In implementing the timely filing requirement as part of rulemaking during 2014, CMS stated that NOEs and NOTRs were required to be submitted via DDE as “limitations in electronic submission standards prevent the use of the 837I claim format for this purpose,” but CMS requested input from the hospice industry regarding how electronic submission of NOEs and other transactions might be feasible. Beginning in mid-2015, NAHC began researching the potential for submission of these notices via EDI by exploring the means by which it could initiate development of the electronic submission standards for the NOE/NOTR. However, based on analysis, NAHC soon came to the conclusion that new submission standards may not be necessary since NOE/NOTR are not claims under the Health Insurance Portability and Accountability Act (HIPAA) and therefore should not be subject to the HIPAA transaction submission standards. In a subsequent discussion with CMS Provider Billing Group staff, NAHC discovered that if development of special transaction submission standards for the NOE/NOTR were not necessary, the process for allowing EDI submission of NOE/NOTR would be significantly less complex than had previously been thought by CMS.

Most recently NAHC wrote to Sean Cavanaugh,Director of the Center for Medicare, urging that CMS take action to allow for submission of NOE/NOTR via EDI and providing its analysis of why HIPAA transaction standards are not needed to allow for submission via EDI.  In a response from the Center for Medicare’s Provider Billing Group, Director Diane Kovach states,

“Your research into this question and the findings you share in your letter are gratefully received. My claims processing staff reviewed the material [you sent] and believes that our previous understanding on this subject may have been based on incomplete or inaccurate information. You note that the NOE is not a Health Insurance Portability and Accountability Act-covered transaction. It may be feasible for CMS and hospices to develop trading partner agreements to exchange data using a non-standard implementation of the 837I transaction. This would require CMS to develop a companion guide for NOE transition and for hospices to agree to the voluntary adoption of that companion guide.

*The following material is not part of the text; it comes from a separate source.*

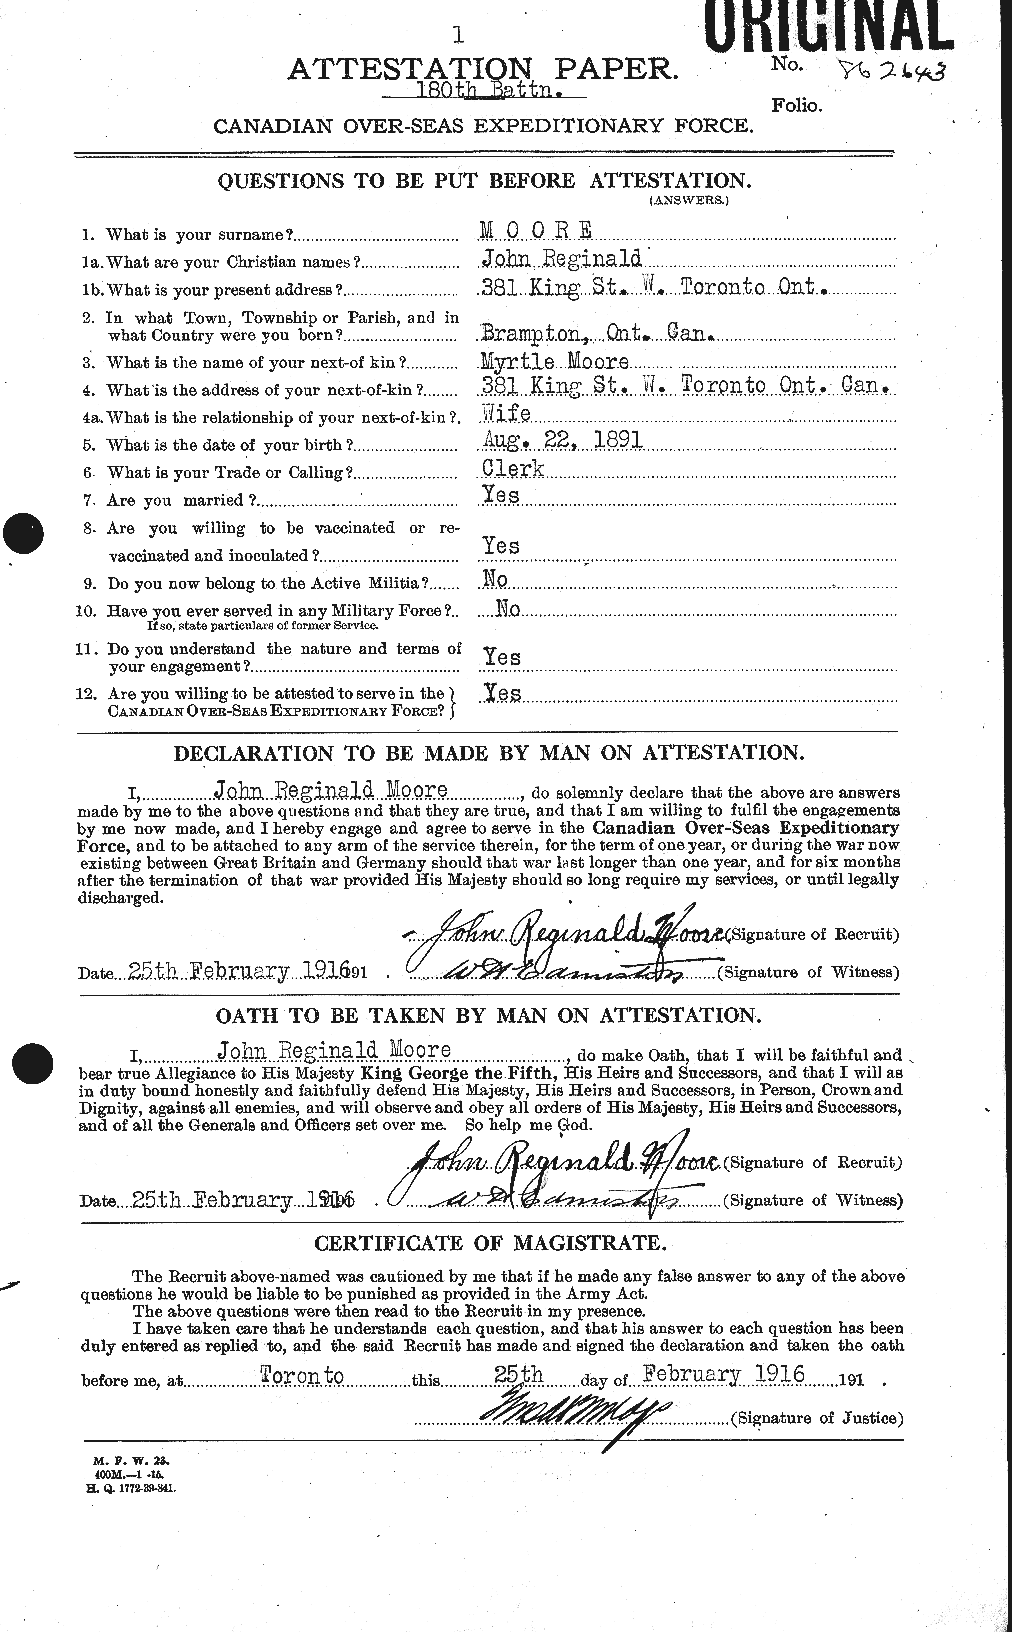 Personnel Records of the First World War - CEF 503325a

“In order to assure that any step we take meets all the necessary requirements, I have instructed my staff to review this possible course of action with the National Standards Group (NSG) in CMS’ Office of Enterprise Information. When we receive an opinion from NSG and have considered our next steps, we will communicate the result to you.”

NAHC will provide future updates on this important issue through the NAHC member listserv and in NAHC Report.